Tuesday, May 13, 2014

Hyponatremia Guidelines Part 4

Chronic Hyponatremia without severe or moderately severe symptoms              
**Stop non essential offending agents
**Cause specific treatment
**If mild, suggest against treatment with the sole aim to increase the Na( excellent point)
**If moderate to profound, to treat to not more than 10mmol/L over first 24 hours
**Diagnostic workup
**If cause is fluid overload- Fluid restriction is only recommended. They recommend against V2 receptor antagonist and demeclocycline.
**If SIADH, FW restriction as first line treatment.  If profound, suggestion to increase solute intake with 0.25-0.5g/kg/day of urea or a combination of loop diuretics and oral sodium chloride
**If moderate or severe- against demeclocycline.
**If SIADH and moderate, recommend against V2 receptor antagonists( same goes for severe SAIDH)
**If low circulating volume related chronic low Na, use of .9% saline or balanced solutions recommended.

Why V2 receptor antagonists were not recommended in above Volume overload and SAIDH scenerios?
The reviewers of this committee looked at two systematic reviews that compared V2 receptor antagonists to placebo in chronic hyponatremia. The first review had 15 randomized trials and found no significant difference in risk of death and other adverse events although Na did increase by 5mmol/L.  More rapid increases were noted in the V2 arms. The first systematic review did conclude that vasopressin antagonist treatment significantly increased response rate both early (RR, 3.15; 95% CI, 2.27-4.37; 11 trials) and late (RR, 2.27; 95% CI, 1.79-2.89; 4 trials). Response rates were high in trials assessing mostly euvolemic patients and those assessing mostly hypervolemic patients, with greater effect estimate in the former.

The second review was in 2011, eleven trials were identified (1094 patients). Short-term use of VRAs in treating hyponatremia was successful at raising [Na(+)](serum). Additional experience is required to guide their optimal use and minimize safety concerns. There was no change in deaths. 
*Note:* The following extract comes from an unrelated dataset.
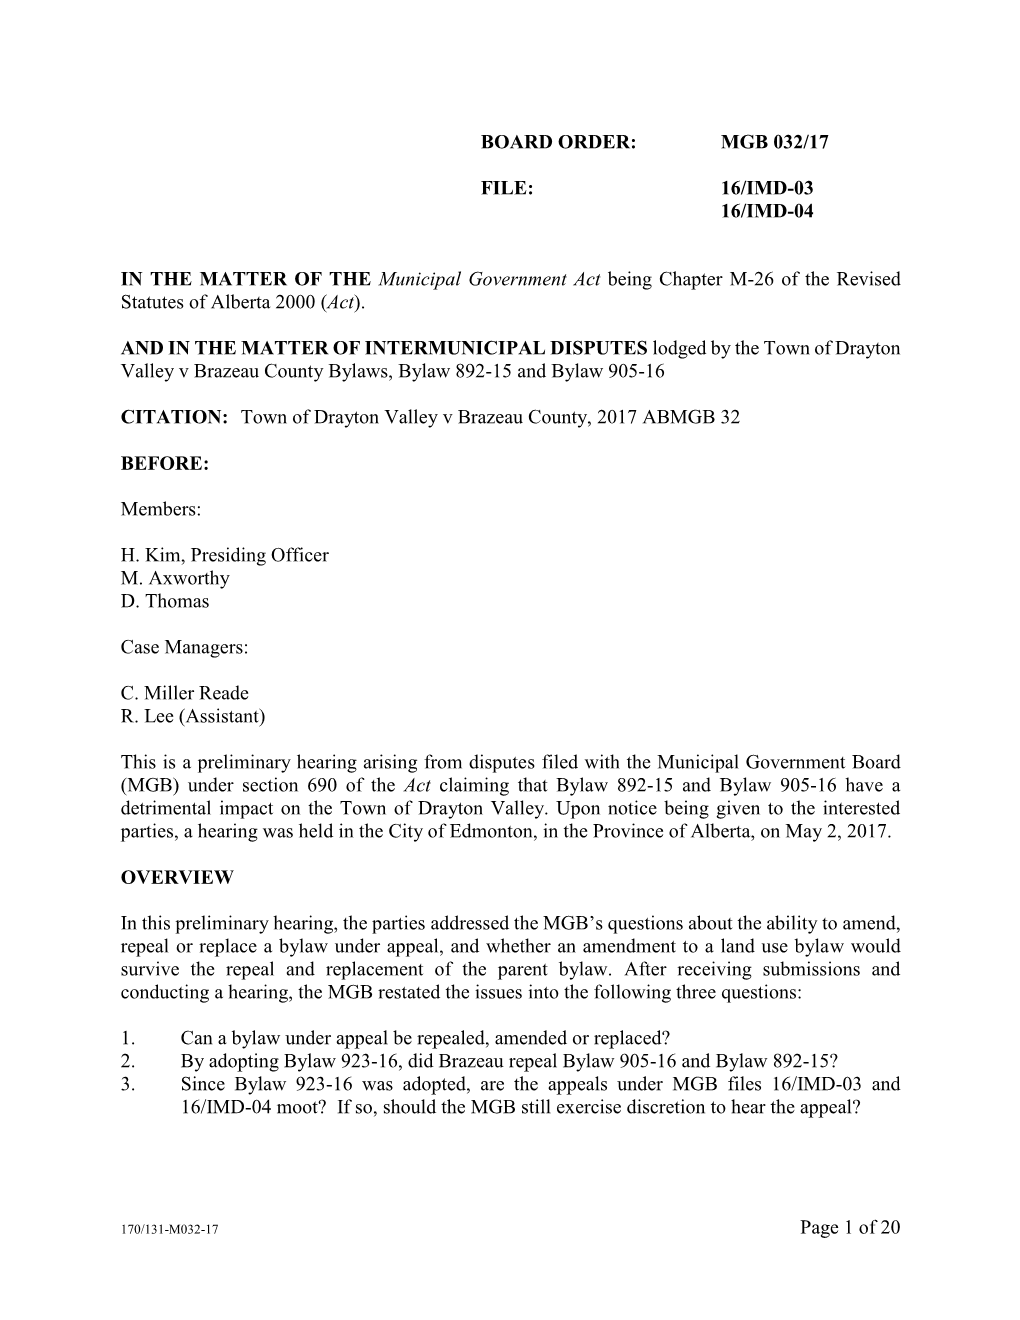 MGB Board Order 032/17 : Town of Drayton Valley V Brazeau County

So if the above two reviews showed positive response- why did they not recommend use of these agents? The authors feel that the quality of evidence was generally reduced by risk of bias due to difficulties with blinding participants, potentially unbalanced use of FW restriction and incomplete outcome reporting in addition to industry sponsorship.  There is also mention in the discussion re the liver toxicities associated with higher doses of these agents when they were studied in ADPKD.  Drug doses administered are lower in hypoantremia management.  Overall, besides all that, the review committee felt that there is a good risk of overly rapid correction of hyponatremia with these agents.  
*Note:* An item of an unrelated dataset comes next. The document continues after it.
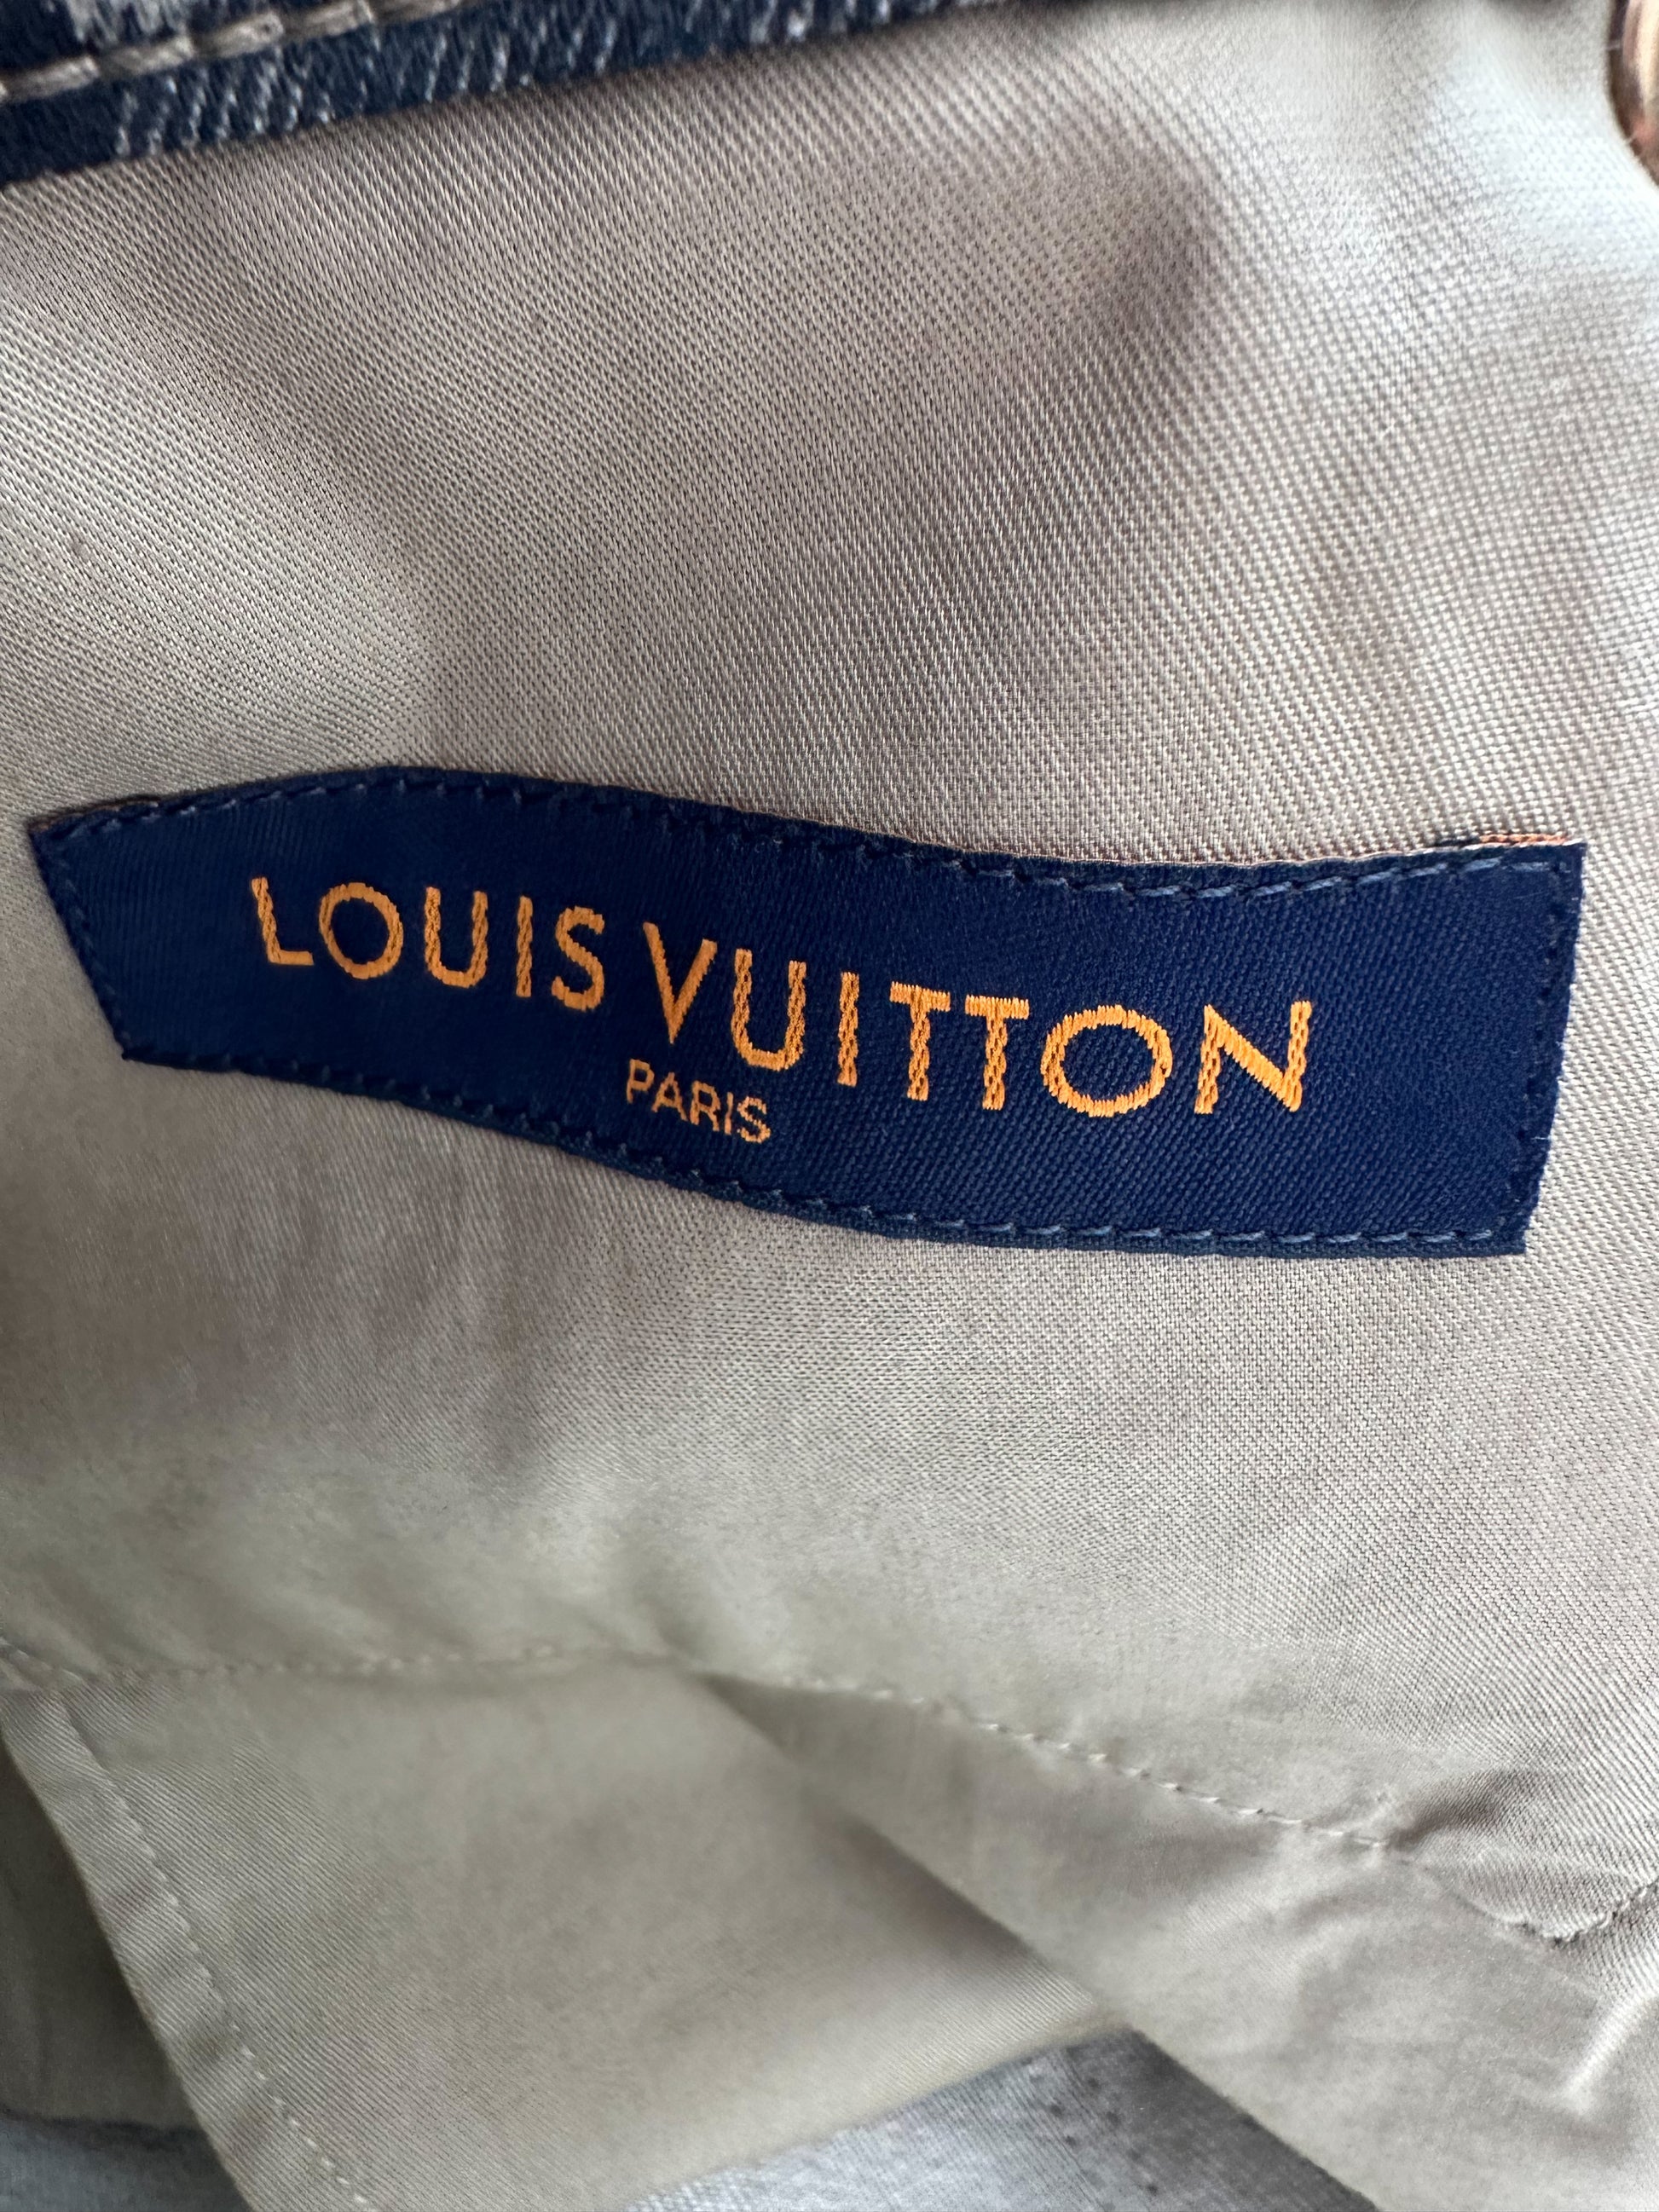 Louis Vuitton Tag

Interesting thoughts and I commend the reviewers on looking at these agents with an eye of scrutiny. Although the most randomized trials in hyponatremia are with these agents.   

For full review

1 comment:

  1. "If mild, suggest against treatment with the sole aim to increase the Na". I disagree since recent research suggest that mild hyponatremia is associated with increased mortality and morbidity including increased risk for falls, fractures, attention deficits, gait disturbances and osteoporosis. I think these goes beyond an statistical association ... there is biologic plausability: people with hyponatremia develop brain glutamate deficiency. Glutamate is one of the solutes astrocytes eliminate in an effort to restore intracellular volume down to normal. Glutamate is an essential neurotransmiter for cerebellar function. Also, osteoporosis has been found in animals with chronic hyponatremia apparently caused by osteoclast activation and in some cases driven by ADH.